Xia Huiyu, Bi Jianning, Li Yanda
Bioinformatics Division, TNLIST and Department of Automation, Tsinghua University, Beijing 100084, China.
Nucleic Acids Res. 2006;34(21):6305-13. doi: 10.1093/nar/gkl900. Epub 2006 Nov 10.
Alternative splicing plays an important role in regulating gene expression. Currently, most efficient methods use expressed sequence tags or microarray analysis for large-scale detection of alternative splicing. However, it is difficult to detect all alternative splice events with them because of their inherent limitations. Previous computational methods for alternative splicing prediction could only predict particular kinds of alternative splice events. Thus, it would be highly desirable to predict alternative 5'/3' splice sites with various splicing levels using genomic sequences alone. Here, we introduce the competition mechanism of splice sites selection into alternative splice site prediction. This approach allows us to predict not only rarely used but also frequently used alternative splice sites. On a dataset extracted from the AltSplice database, our method correctly classified approximately 70% of the splice sites into alternative and constitutive, as well as approximately 80% of the locations of real competitors for alternative splice sites. It outperforms a method which only considers features extracted from the splice sites themselves. Furthermore, this approach can also predict the changes in activation level arising from mutations in flanking cryptic splice sites of a given splice site. Our approach might be useful for studying alternative splicing in both computational and molecular biology.
可变剪接在调控基因表达中发挥着重要作用。
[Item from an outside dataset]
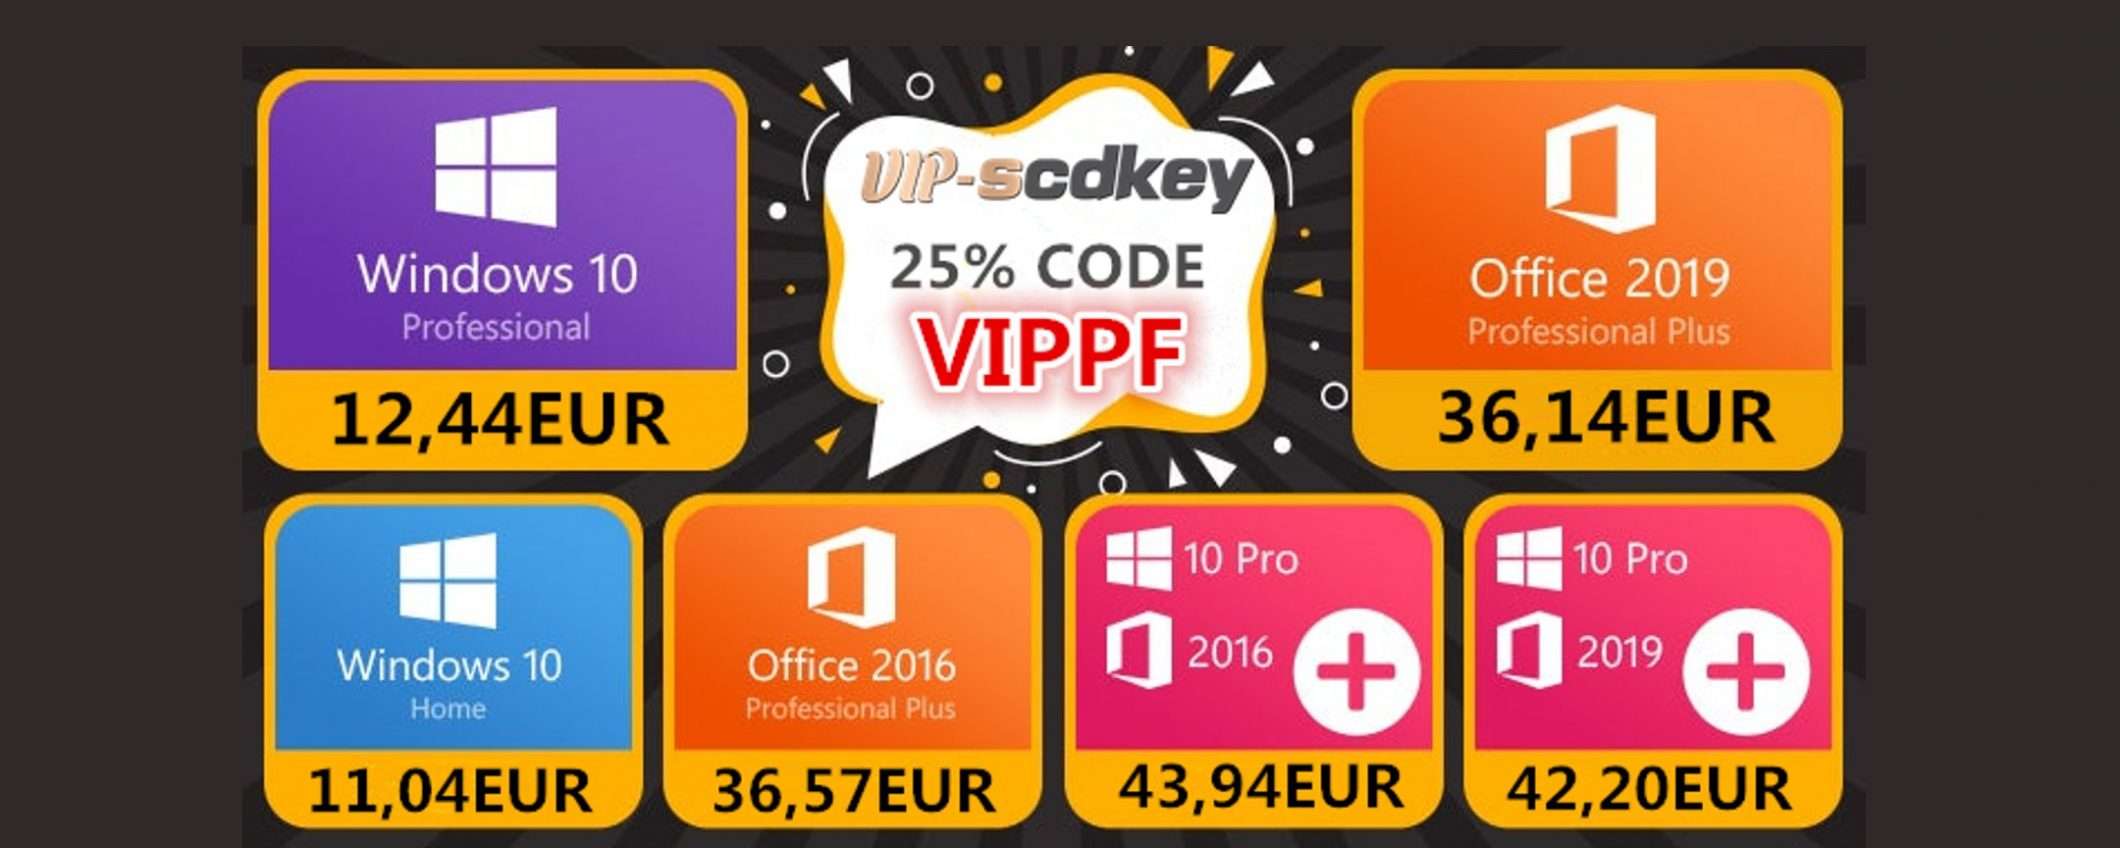 Sconti VIP-SCDkey: Windows 10 PRO a 12€, Office 2019 a 36€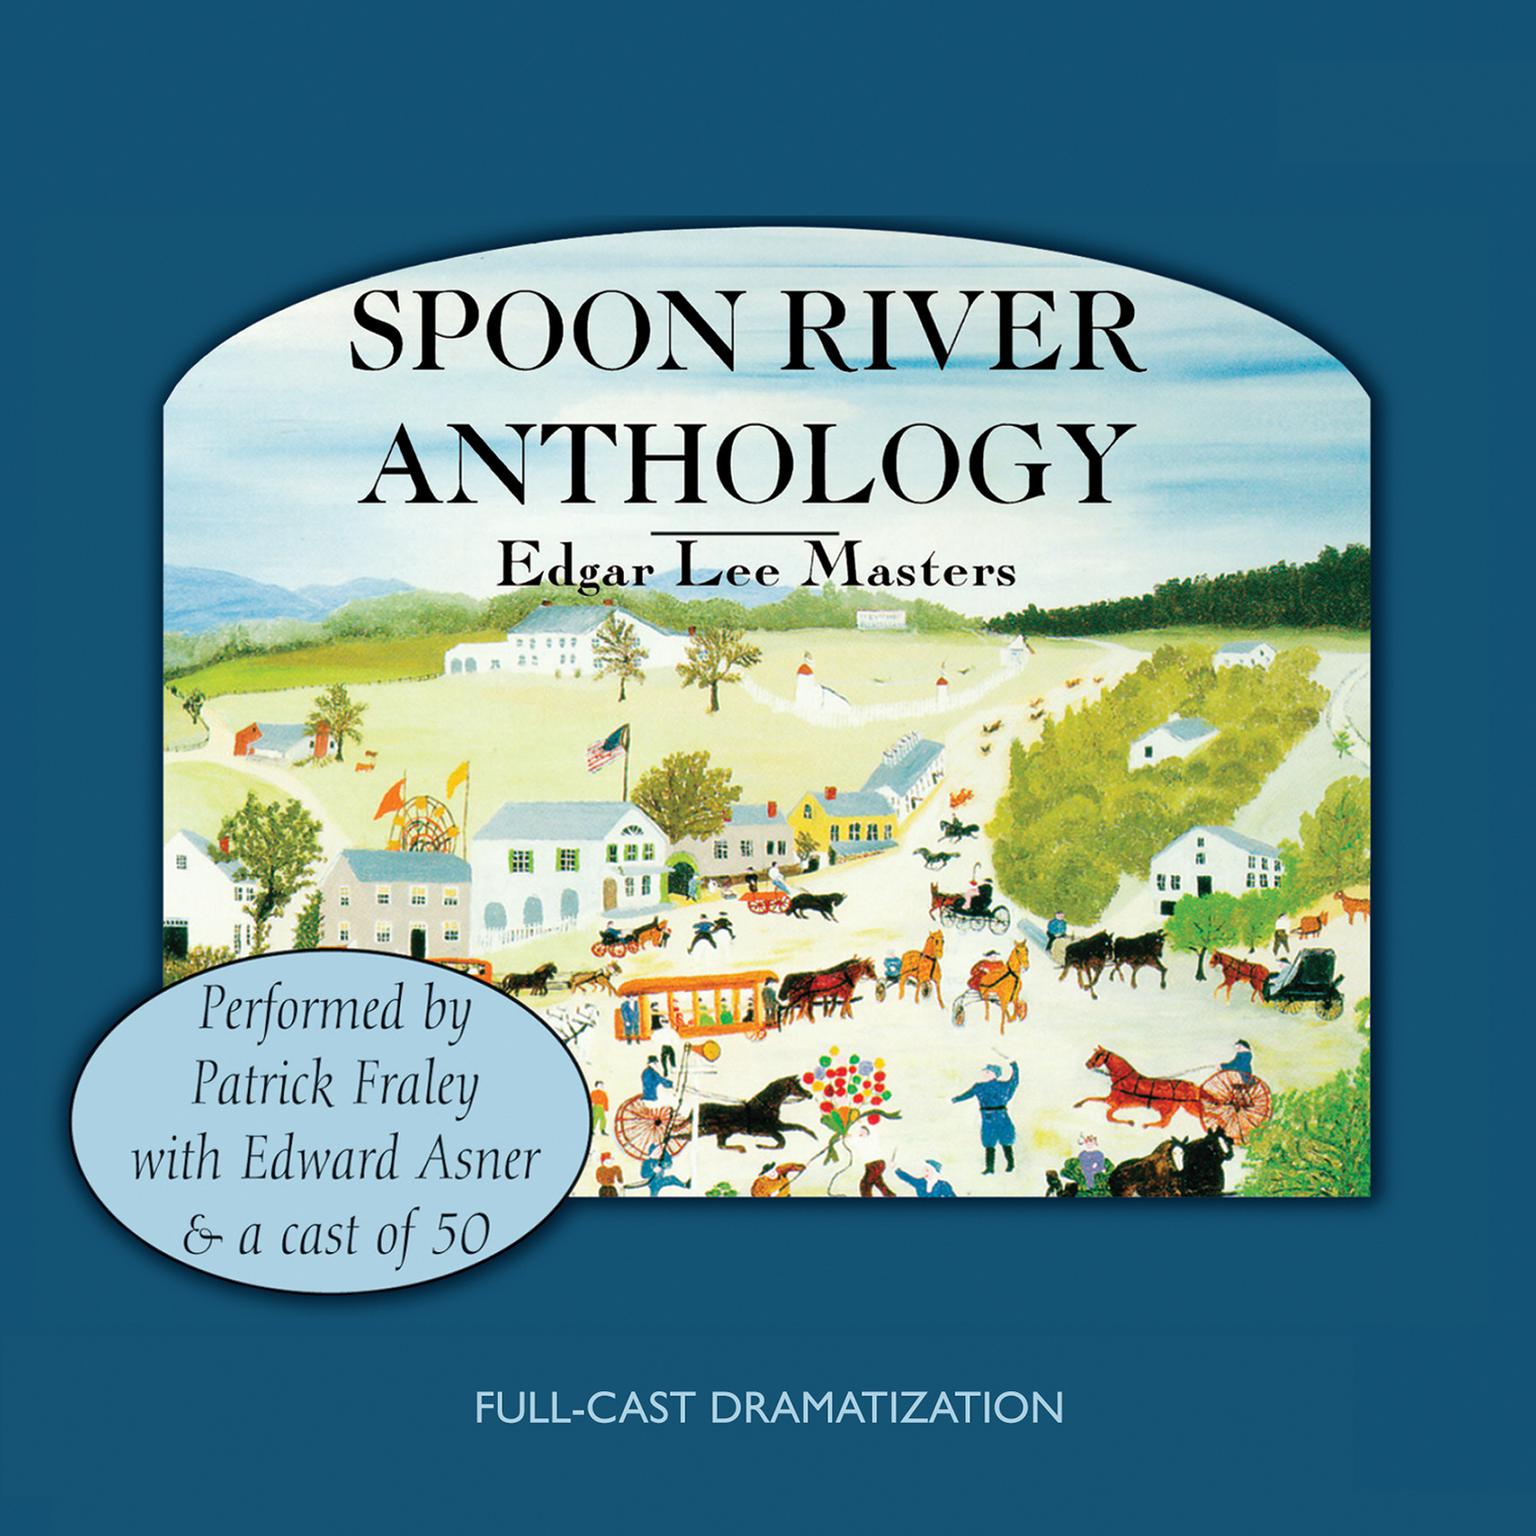 Spoon River Anthology Audiobook, by Edgar Lee Masters

目前,大多数高效方法使用表达序列标签或微阵列分析来大规模检测可变剪接。然而,由于其固有的局限性,很难用它们检测到所有的可变剪接事件。以前用于可变剪接预测的计算方法只能预测特定类型的可变剪接事件。因此,非常希望仅使用基因组序列来预测具有不同剪接水平的可变5'/3'剪接位点。在这里,我们将剪接位点选择的竞争机制引入可变剪接位点预测中。这种方法不仅能让我们预测很少使用的可变剪接位点,还能预测频繁使用的可变剪接位点。在从AltSplice数据库提取的数据集上,我们的方法能将大约70%的剪接位点正确分类为可变剪接和组成型剪接,以及大约80%的可变剪接位点的实际竞争位置。它优于一种只考虑从剪接位点本身提取的特征的方法。此外,这种方法还可以预测给定剪接位点侧翼隐蔽剪接位点突变引起的激活水平变化。我们的方法可能对计算生物学和分子生物学中的可变剪接研究有用。